When he was 18 when he opened a retail clothing store in the Bundaberg CBD which he says was both his biggest challenge and a positive learning curve.
“After buying the business, I owned it for a year and a half before I had to close it down,” he said.
“That period I don’t regret. There was a lot of lessons I learnt over that period that I’ve taken and reflected on and been able to use those lessons to help other people in those spaces.”
Despite that stumble, the savvy 24-year-old has since built three separate businesses which will provide resources to help everyone from entrepreneurs launching a new venture to large businesses wanting to kickstart their digital marketing presence.
Home of Champions was designed to become an innovative hub of ideas for budding entrepreneurs who want to create new ideas that can support gaps in Bundaberg’s offerings from community projects to sellable products.

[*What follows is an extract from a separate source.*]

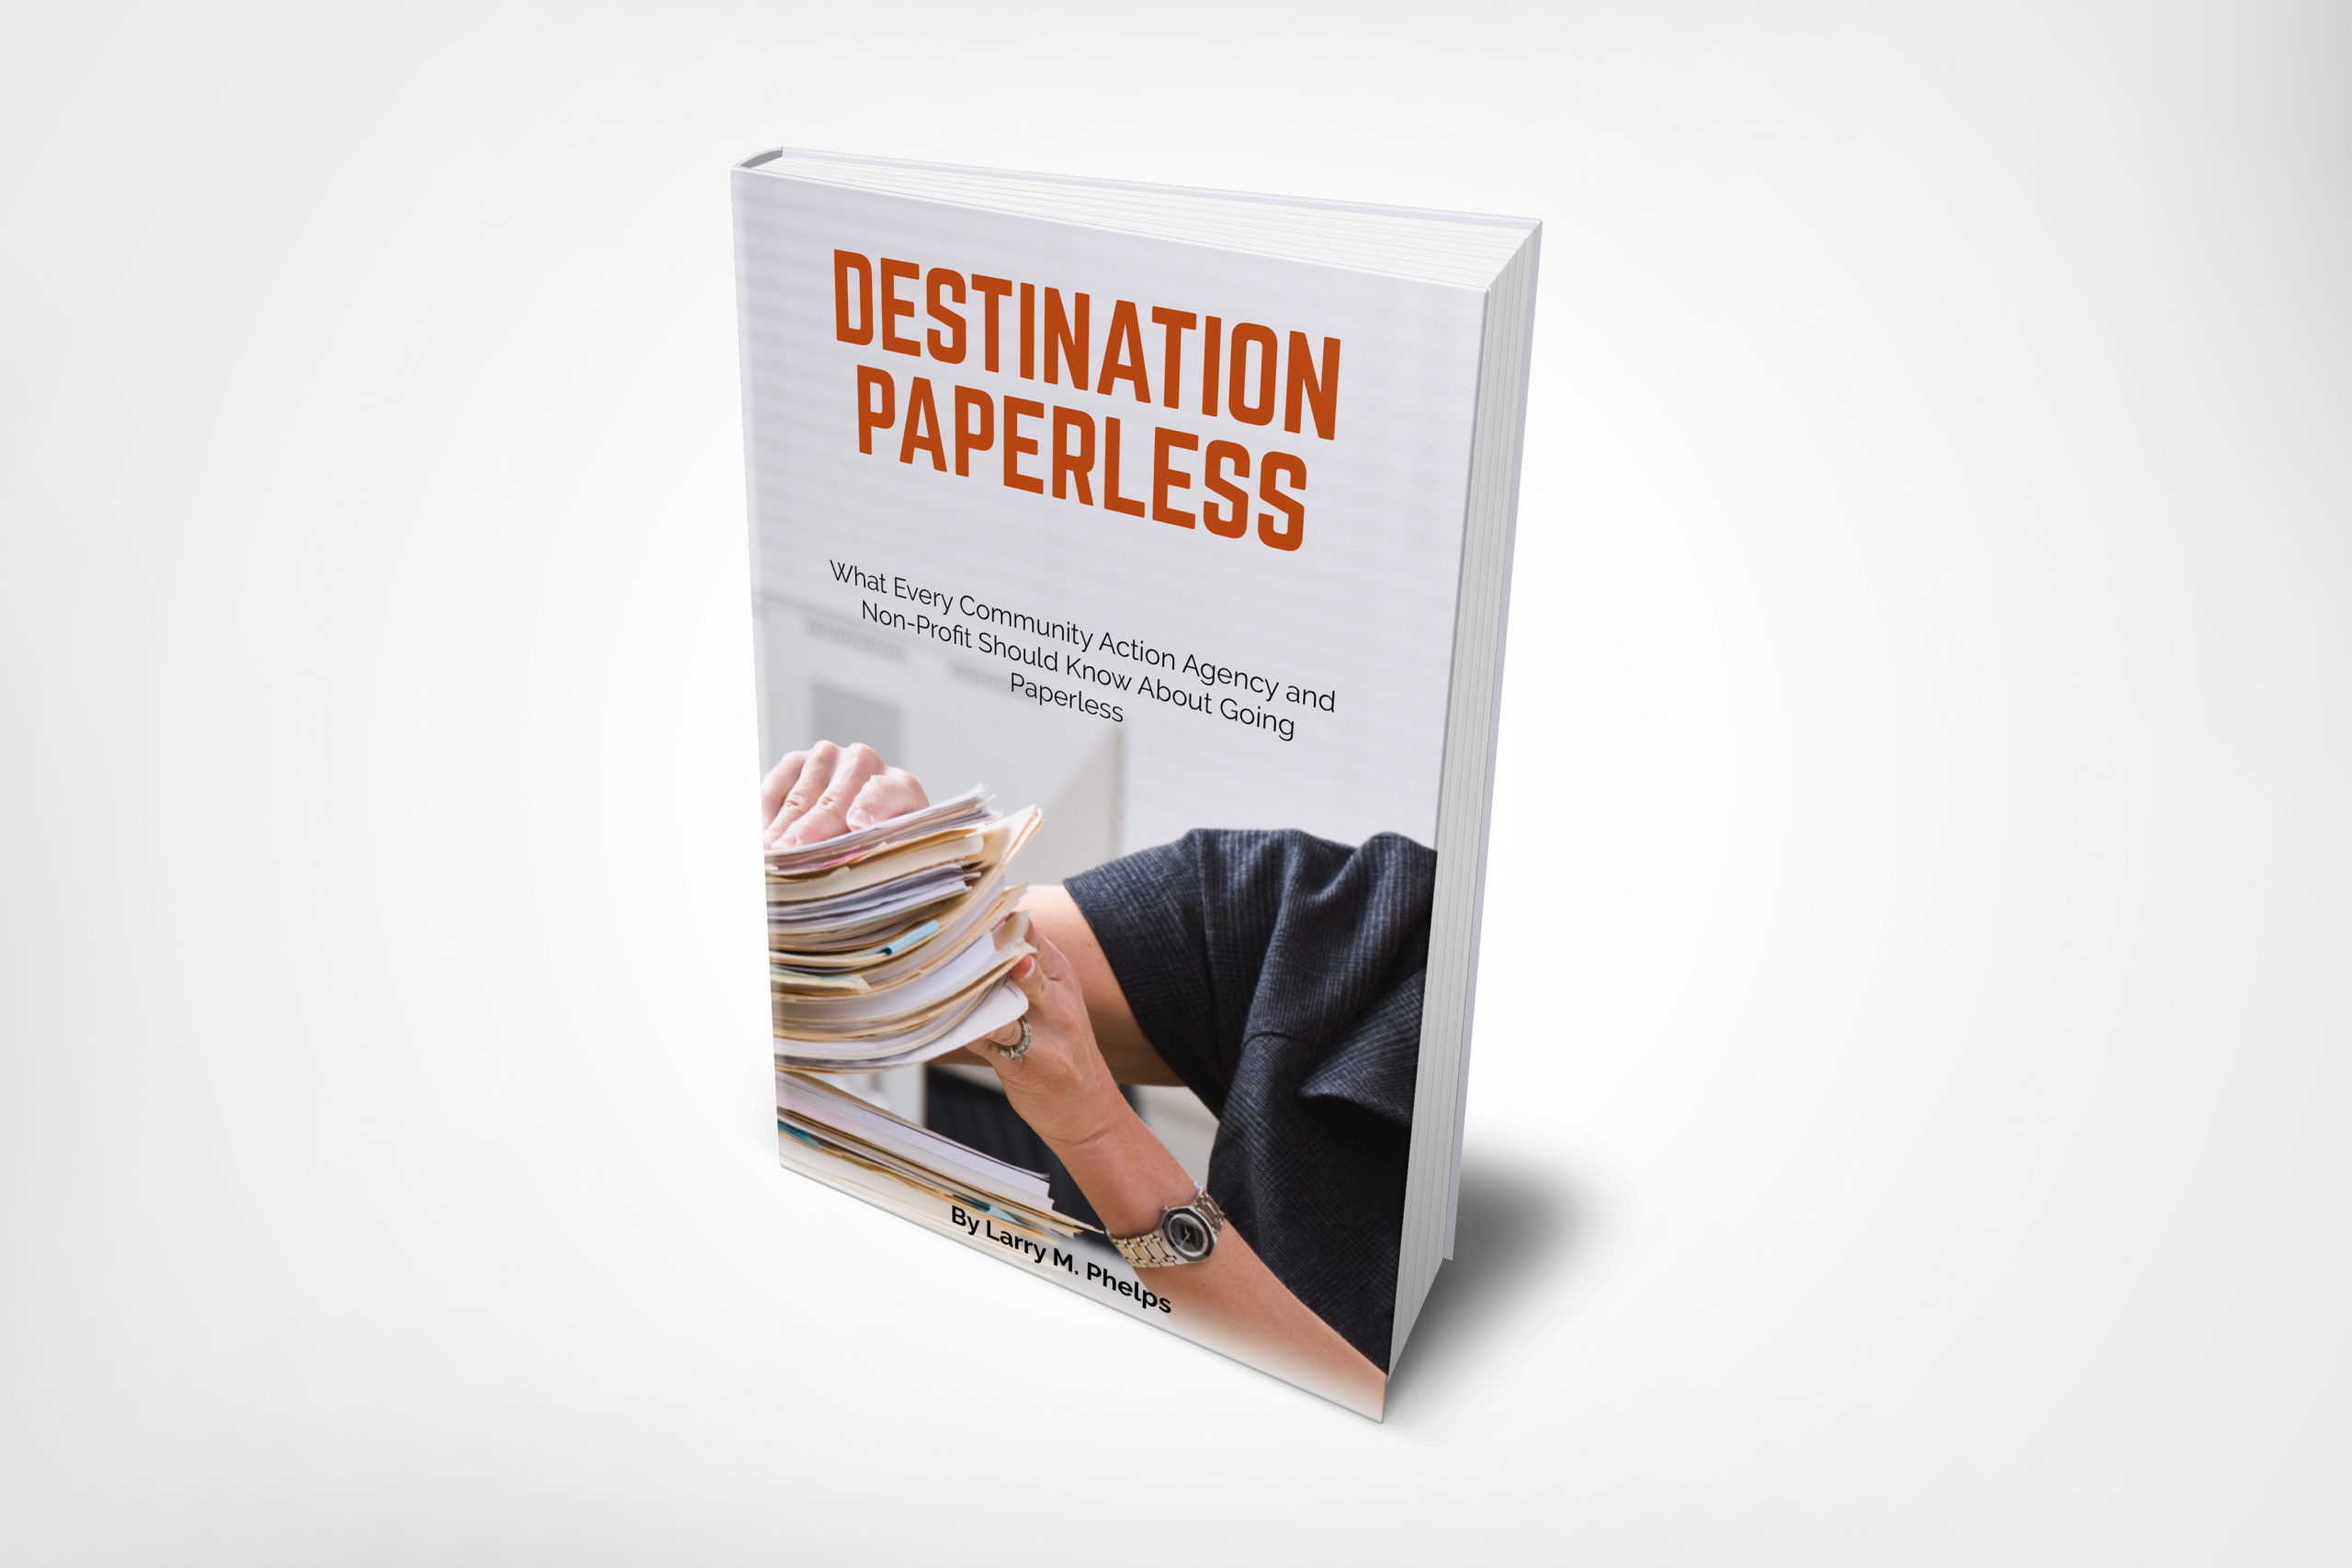 Destination paperless book
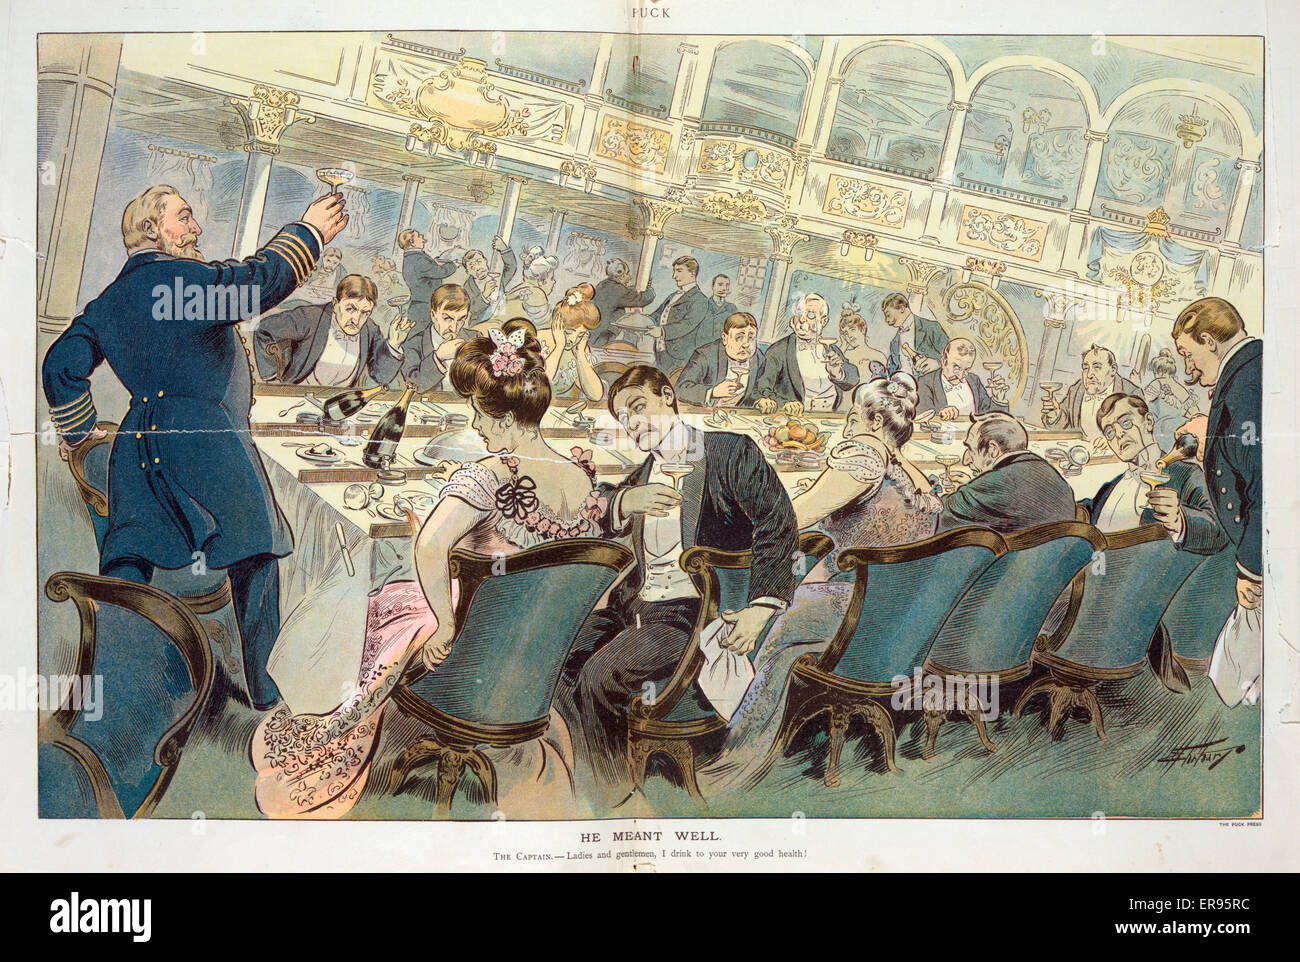 Er meinte es gut. Abbildung zeigt den Kapitän von einem Ozeandampfer bietet einen Toast auf seine Passagiere sitzen rund um einen großen Esstisch auf einem Schiff, das ein bisschen Schaukeln ist zu viel für die meisten Passagiere. Datum 1904 11 Mai. Stockfoto

“It’s an organisation that has come out of recognising a gap in regional communities around support for creatives and early stage entrepreneurs,” Elisha said.
“What gaps are there in our region or our town and what resources we can develop of our own to fill those gaps and needs to provide support for people.”
One of the ways up-and-coming entrepreneurs and innovators can connect and participate in discussion will be via a Facebook group.
“It will act as a bit of a hub to bring people together to connect that community,” he said.
The volunteer youth worker said that while he was fortunate to have a parent to mentor him through his business journey, he recognised that not everyone had that same opportunity.
“I’ve been talking to a lot of high school students across Bundaberg chatting to them about what’s possible and there are some youth who are naturally driven and some people who have that support,” Elisha said.
“For others, I found sometimes it’s hard to see what’s possible for them or there’s no representation or images of it when they go to school, so I think for some people they may want to do something, but they don’t feel they understand how to do it because they’ve never seen people who have been in their situation before; they just haven’t seen too many successful examples of it.”
Home of Champions is also the home of Elisha’s Spotify podcast, For the Creatives, where he sits down with local business owners to talk about how they got to where they are and discuss gaps in the market.
“Recently, I did a recording with Adam Hartford. He grew up in Bundaberg and he’s building his own personal training brand,” he said.
“He’s had a really interesting journey and has had his own challenges he’s had to face and from that, there’s a lot of things that he’s learnt from the business that he’s building and I just wanted to share a bit of that story as well and his health journey.”
Elisha’s talents also extend to web design branding, app design and marketing through his business, smartsite4u.
The business sells packages to medium and large scale businesses, as well as entrepreneurs who don’t know where to start when it comes to branding and digital marketing.
“What I’ve found is that there’s a lot of early stage entrepreneurs, there’s a lot of creatives who don’t necessarily need a full package service, they just need help taking that next step,” he said.
Elisha has also done some work for local community spaces, such as redesigning the Bundaberg Surf Lifesaving website.
He is also about to launch innovative business courses through his business, Creating with Elisha Tad.
“I was sitting down with local creatives and young business owners in town one-on-one helping them figure out how to use new marketing strategies in my own time and not as a paid service,” he said.
“I realised there’s only so much I can do, so creating this brand was about a lot of things I saw people need help with, turning things in Tik Tok videos, content videos so I could help more people at once.
“Some of those resources will be about changing negative thinking and challenging people’s mindsets about what they can do and what they can actually achieve.
“There’s a lot of resources out there already, so i’m not trying to recreate the wheel entirely, but there are a lot of gaps and there are some things as well that need to be taught or translated in the context of a regional community.”